L’ingénieur semble ainsi nier l’existence des peuples autochtones, qui vivaient aux États-Unis bien avant le début de la colonisation au XVIe siècle. Si la densité de population était évidemment plus faible qu’aujourd’hui, le pays était loin d’être « vide » et ces individus ne pillaient pas les ressources de leur territoire. Par ailleurs, les peuples autochtones ont également subi des « famines » et des « maladies », précisément à cause de la colonisation.

• Le nucléaire n’est pas une énergie propre

« L’électricité qu’on produit en France n’émet pas beaucoup de CO2, parce que c’est avant tout du nucléaire qui n’émet pas beaucoup de CO2 et des énergies renouvelables qui n’émettent pas beaucoup de CO2 non plus », a déclaré Jean-Marc Jancovici.

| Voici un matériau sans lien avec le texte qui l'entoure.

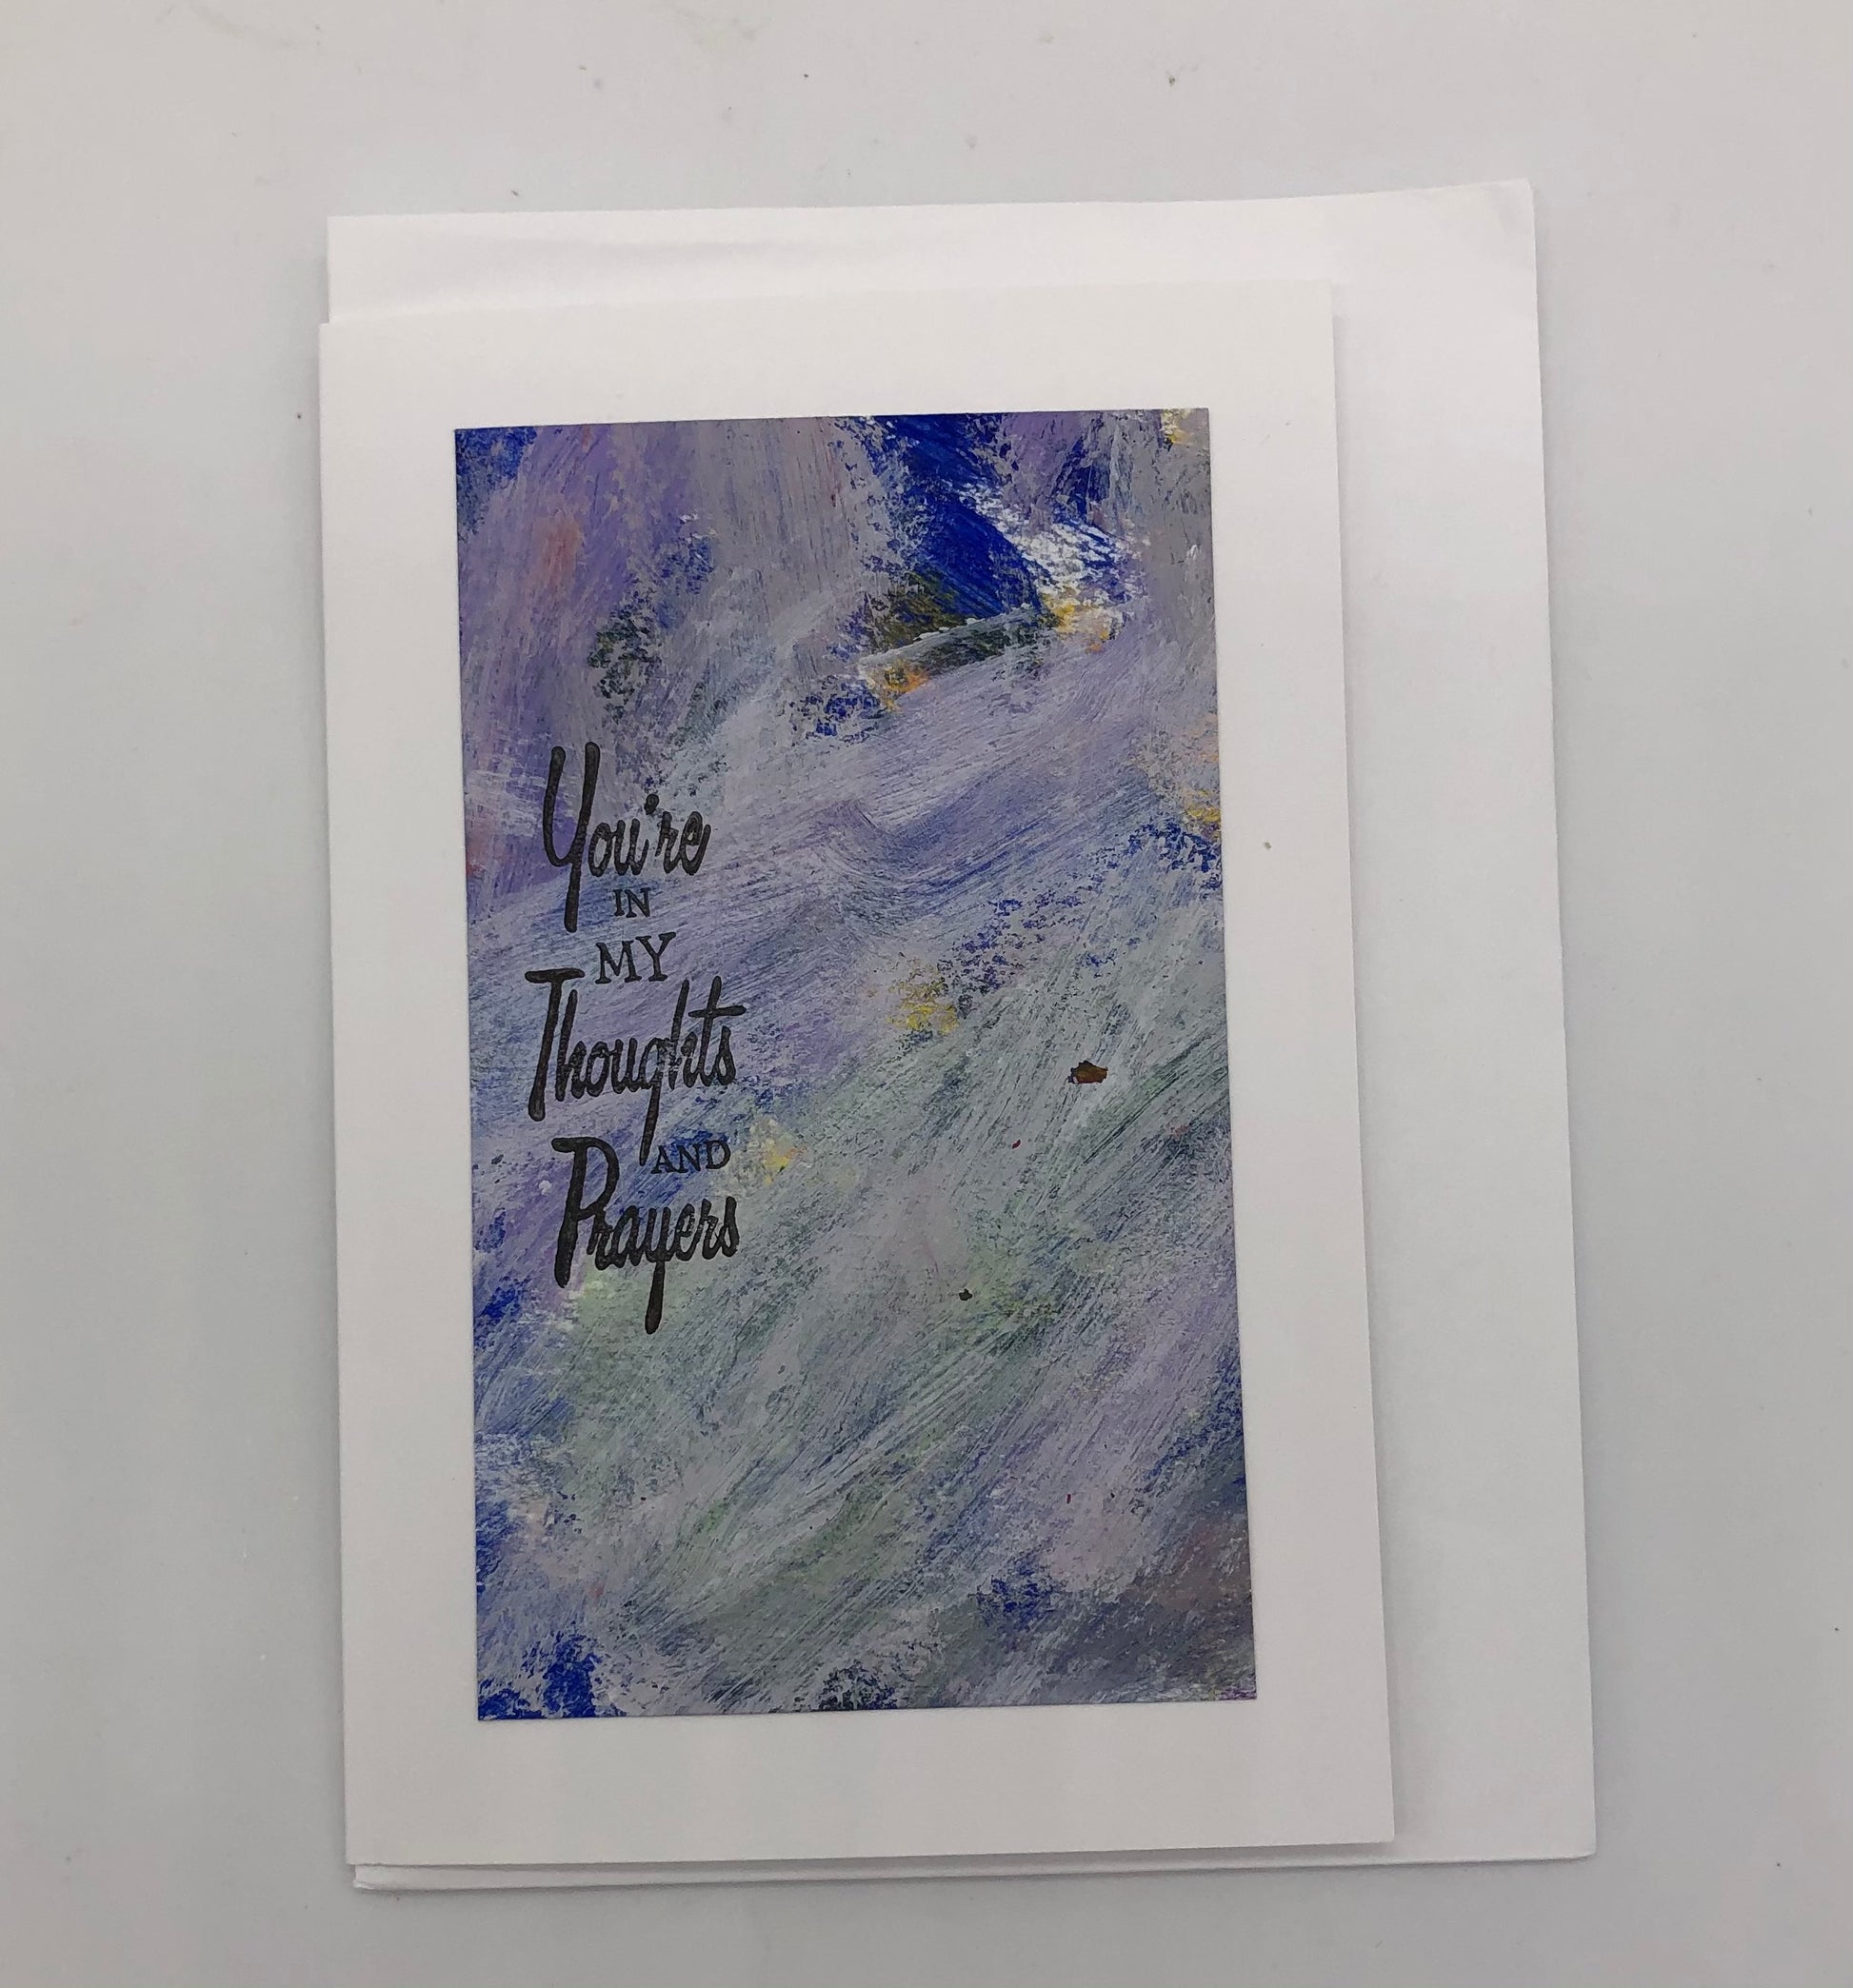 White greeting card with large acrylic painting in white and purple.  On top of the painting is stamped "You're in my thoughts and prayers" in black on the left hand side.

Avec cette phrase, l’ingénieur met sous le tapis tous les problèmes que soulève le nucléaire et l’associe artificiellement aux énergies renouvelables, sans prendre en compte la question des risques radioactifs, des déchets et de la pollution engendrée par cette forme d’énergie, donnant l’illusion que le nucléaire serait propre.

En réalité, comme Reporterre l’a montré à plusieurs reprises via diverses enquêtes, le nucléaire est un pari qui se transforme en boulet. « Chaque euro investi dans de nouvelles centrales nucléaires aggrave la crise climatique, car cet argent ne peut plus être utilisé pour investir dans des options efficaces de protection du climat », observait dans Reporterre Mycle Schneider, spécialiste de l’économie du nucléaire.

• « Une vision carbocentriste »

Au fond, les deux influenceurs et leur invité ont eu un discours soluble dans l’idéologie de la croissance verte en opérant une forme de réductionnisme de la crise écologique, limitée à la question des émissions de gaz à effet de serre. Comme le rappelait l’économiste Hélène Tordjman dans un entretien à Reporterre, cette approche consiste à prendre « la crise écologique par le petit bout de la lorgnette ».

« Le réchauffement climatique ne peut pas être vu comme l’unique expression de la destruction plus générale de la nature », affirmait-elle, d’autant que « la décarbonation de l’économie peut justifier des projets complètement fous d’un point de vue écologique : la construction de centrales nucléaires, la promotion de l’hydrogène, le renouvellement total du parc automobile en voitures électriques, etc. Ces mutations soi-disant “vertes” nous maintiennent dans un système productiviste, extractiviste et destructeur ».

Dans la vidéo, cette focalisation sur l’empreinte carbone a tendance à masquer les autres problèmes écologiques : l’anéantissement de la biodiversité, la pollution massive, le dépassement des limites planétaires, etc. Elle pousse à concevoir l’écologie comme un enjeu résolument technique où seuls les chiffres prédominent, au détriment d’un discours plus général sur l’état de nos sociétés et nos formes de vie insoutenables. Il nous suffirait de bouger le curseur, de limiter quelques achats, de modifier notre chaudière là où, en réalité, il nous faudrait changer d’état d’esprit, révolutionner notre rapport à la Terre et au reste du vivant.